The annotation libraries in ExpressAnalyst are updated about once per year, based on the latest ID versions available from NCBI (Entrez, RefSeq), Ensembl, and Uniprot (Brown et al., 2015; Consortium, 2019; Zerbino et al., 2018). If your data were annotated many years ago, you may have a lower percentage of features that map to the ExpressAnalyst database. Also, Official Gene Symbols generally have a lower mapping rate than the other ID types since there can be many synonyms for the same gene, not all of which may be present in our database.

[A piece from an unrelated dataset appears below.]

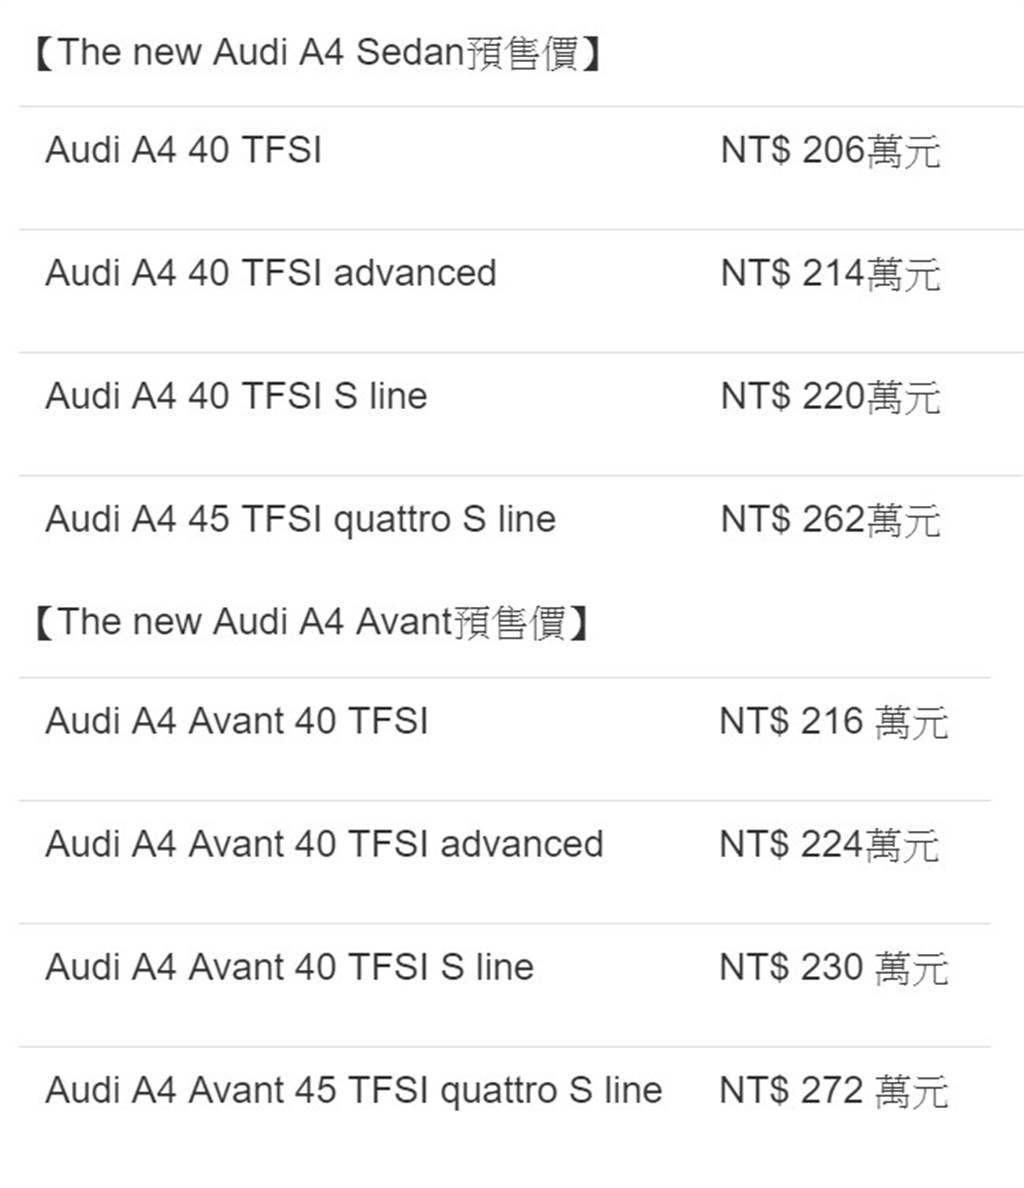 A4/A4 Avant車型預售價

5.Scroll down to view various diagnostic graphics, the first of which is the “Box plot.” Since the expression values range from zero to >10,000, it is clear that these are unnormalized count values. Click each of the additional tabs to view the “Count sum” (displays the total counts from all genes for each sample, also called the sequencing depth), “PCA plot” (scatterplots of the top two principal components), and “Density plot” (distribution of count values for each sample) of the uploaded data. The density plot appears in the shape of an “L,” which is caused by the large range and right-skewed distribution of raw count values.

Note

The figures shown under the dataset summary are useful for visually identifying outlier samples, assessing whether the data are normalized or not, determining appropriate filtering thresholds, and providing a benchmark to compare the effects of normalization. Deciding whether a sample is an outlier that should be removed is not a straightforward process. In general, we wish to remove samples that are substantially different from other samples based on technical reasons. A sample might be different due to biological reasons, in which case it should not be removed as this will bias the downstream statistical analysis and potentially lead to incorrect interpretation of the results. Unfortunately, it is not usually possible to determine whether an outlier is due to technical or biological reasons from the data alone. One guiding principle is that biological variability tends to have a smaller range than technical variability, hence if an outlier is extreme, we can usually assume it is a technical outlier and safely remove it without compromising our statistical inference. Examples of extreme outliers are when the first principal component (PC1) explains >70% of the variability and has a single or small number of samples on the extreme end of PC1, or when the count sum of a sample is several orders of magnitude smaller than the other samples (i.e., sequencing effects).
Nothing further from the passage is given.